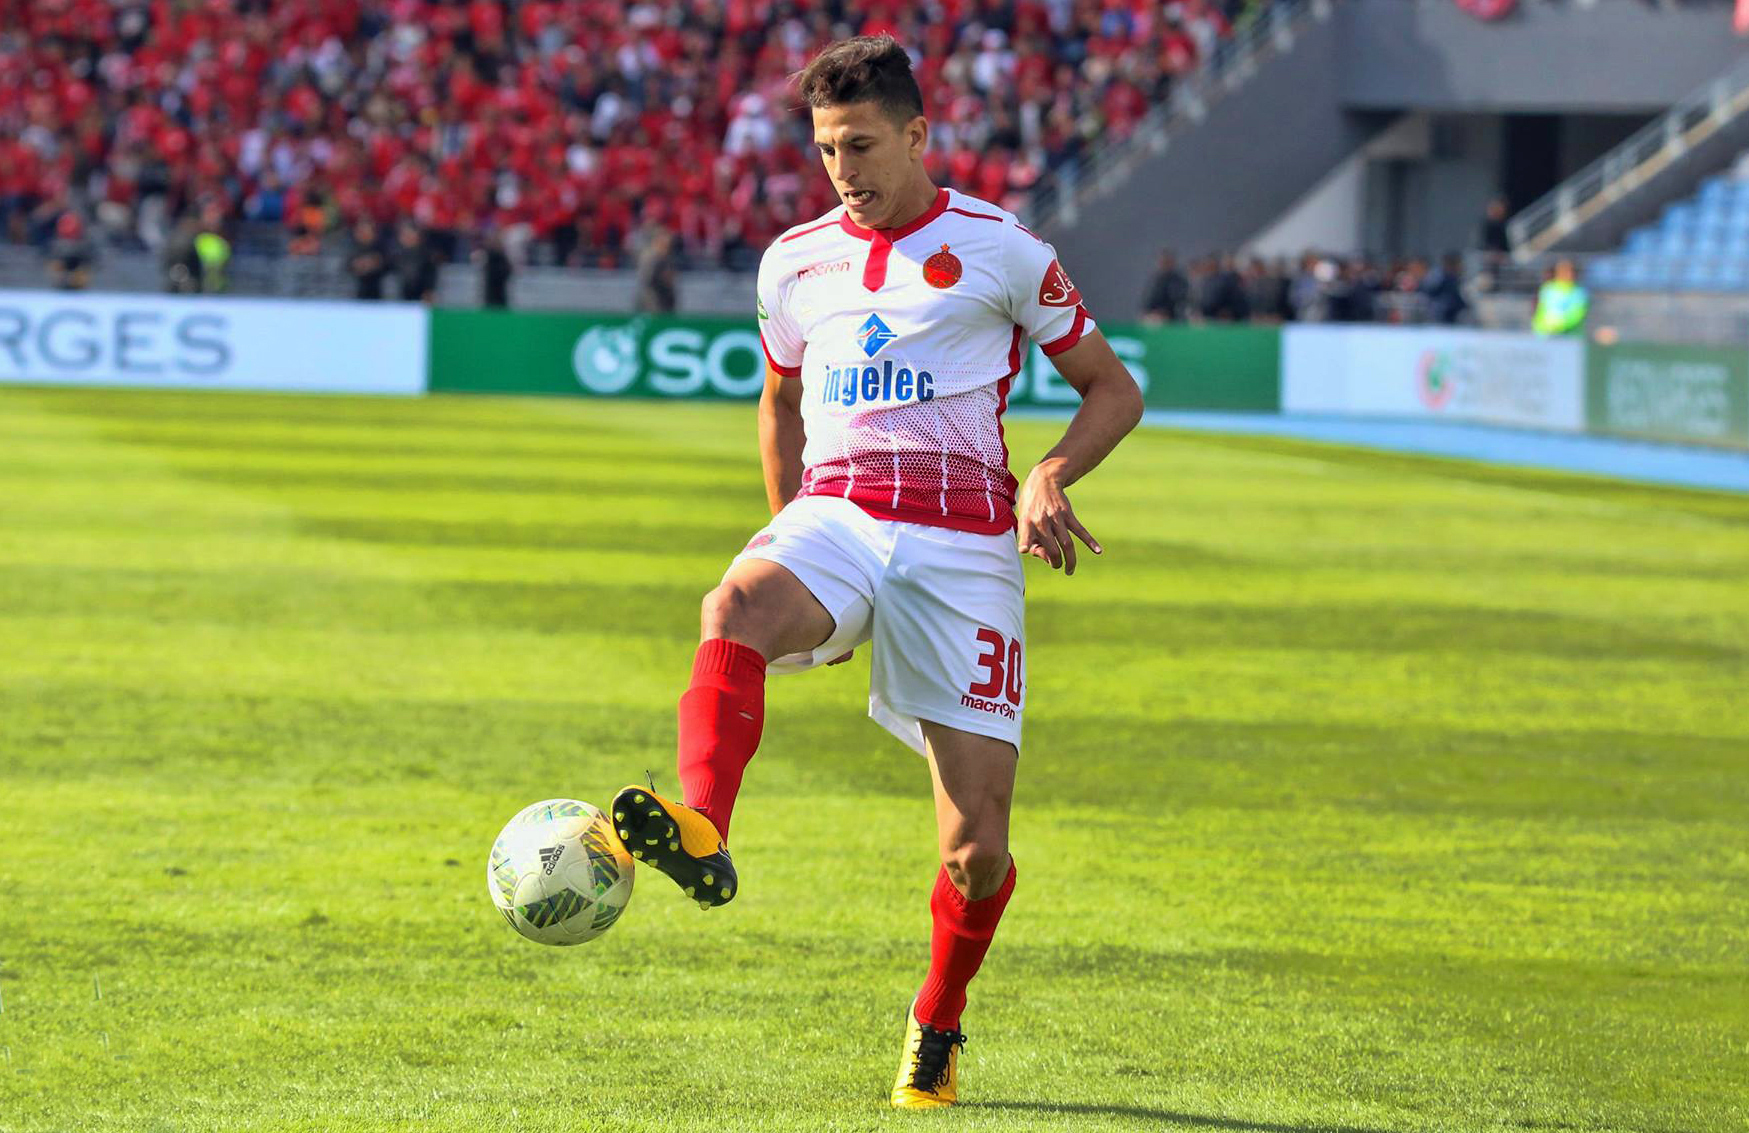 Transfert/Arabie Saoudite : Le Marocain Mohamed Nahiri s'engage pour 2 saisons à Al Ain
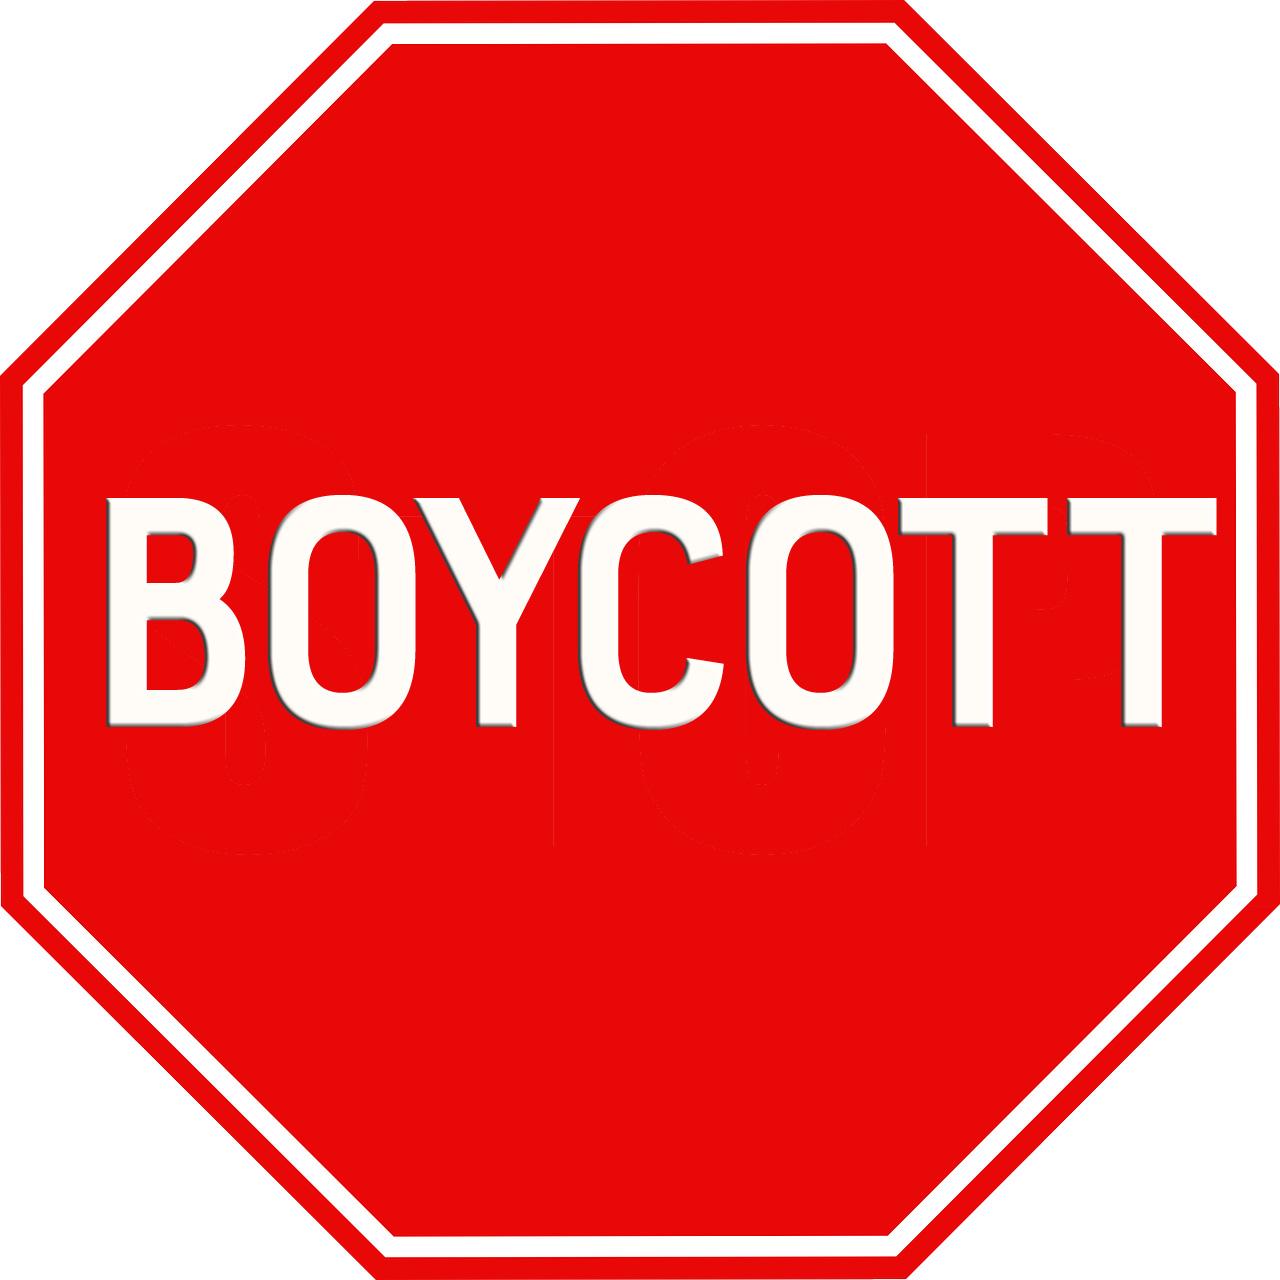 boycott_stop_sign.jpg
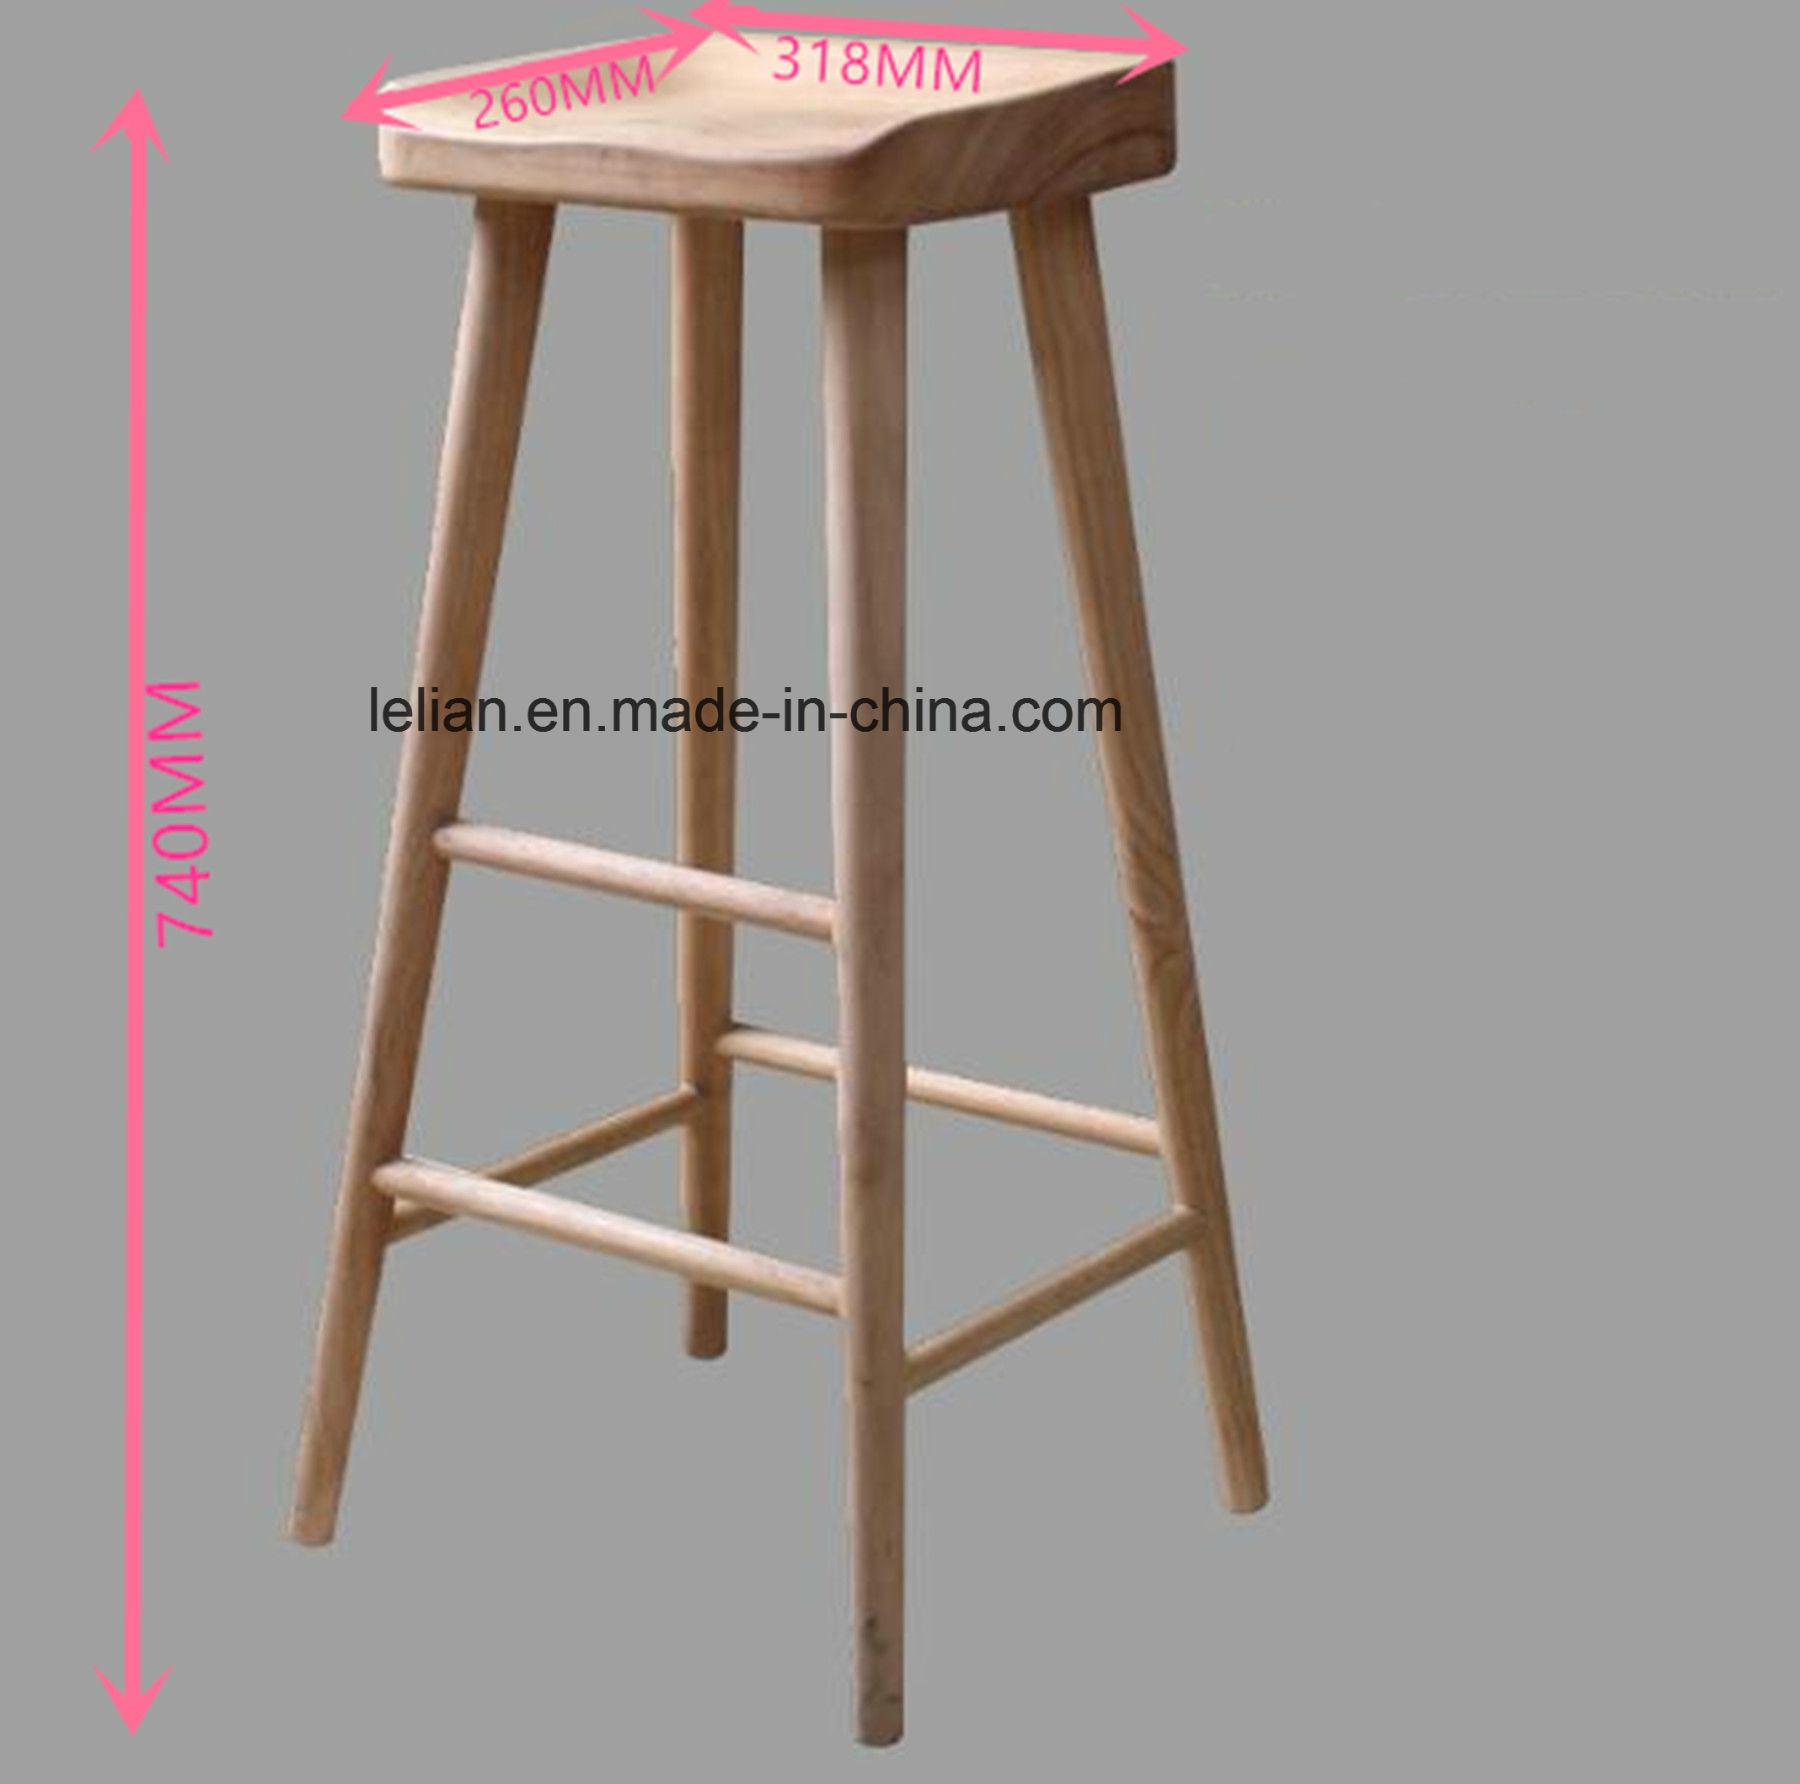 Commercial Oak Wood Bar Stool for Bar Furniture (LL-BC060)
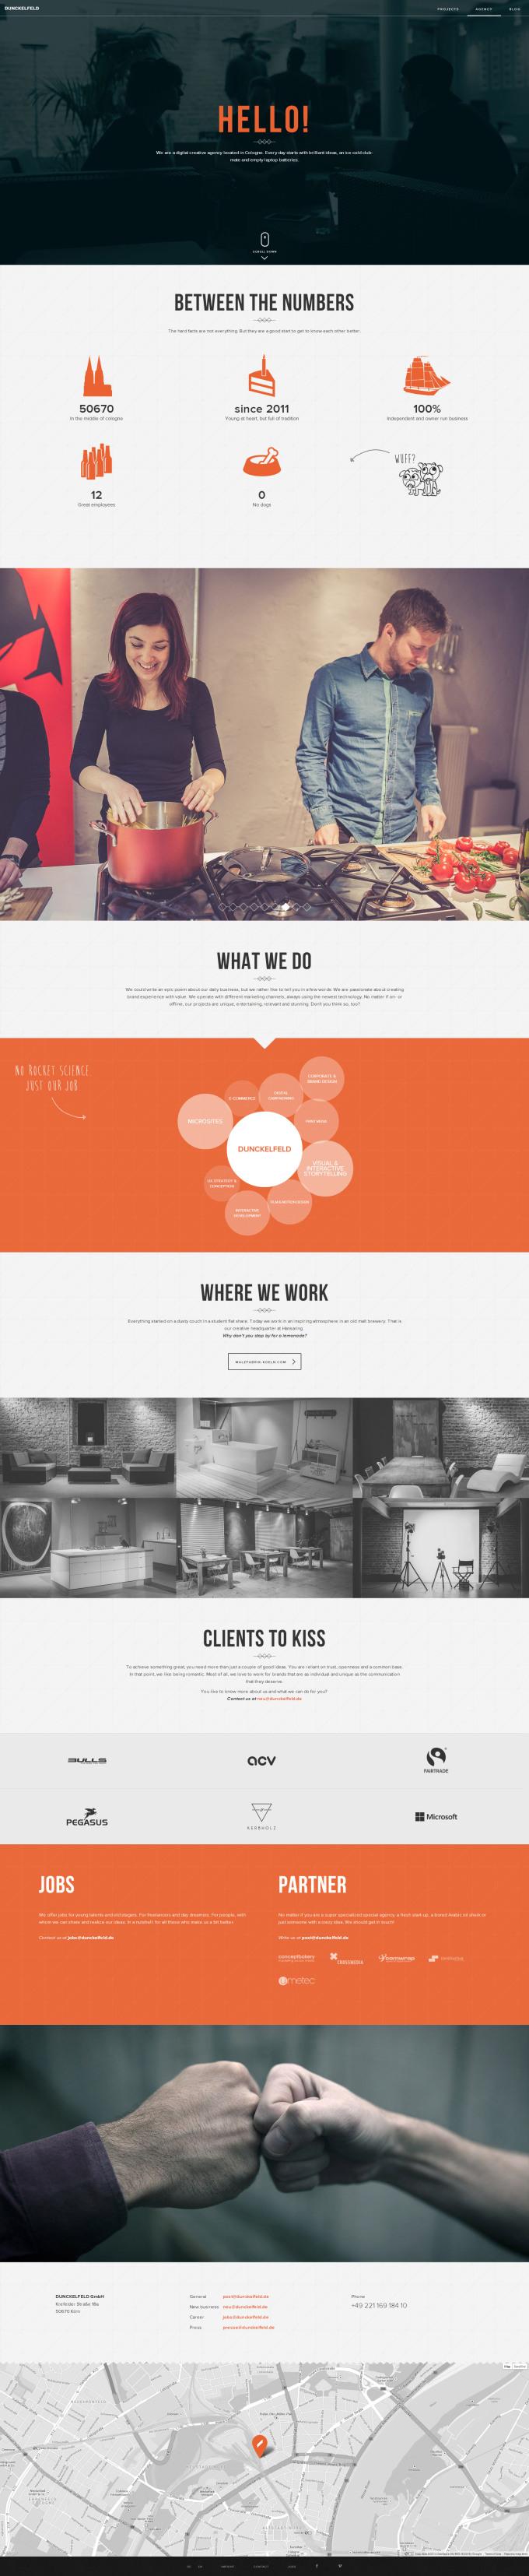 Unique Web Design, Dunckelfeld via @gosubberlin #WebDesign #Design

====

§ **Brief**
With the pictures omitted, reproduce the data above exactly.

§ **Expected output**
 Transfert/Arabie Saoudite : Le Marocain Mohamed Nahiri s'engage pour 2 saisons à Al Ain
 boycott_stop_sign.jpg
 Commercial Oak Wood Bar Stool for Bar Furniture (LL-BC060)
 Unique Web Design, Dunckelfeld via @gosubberlin #WebDesign #Design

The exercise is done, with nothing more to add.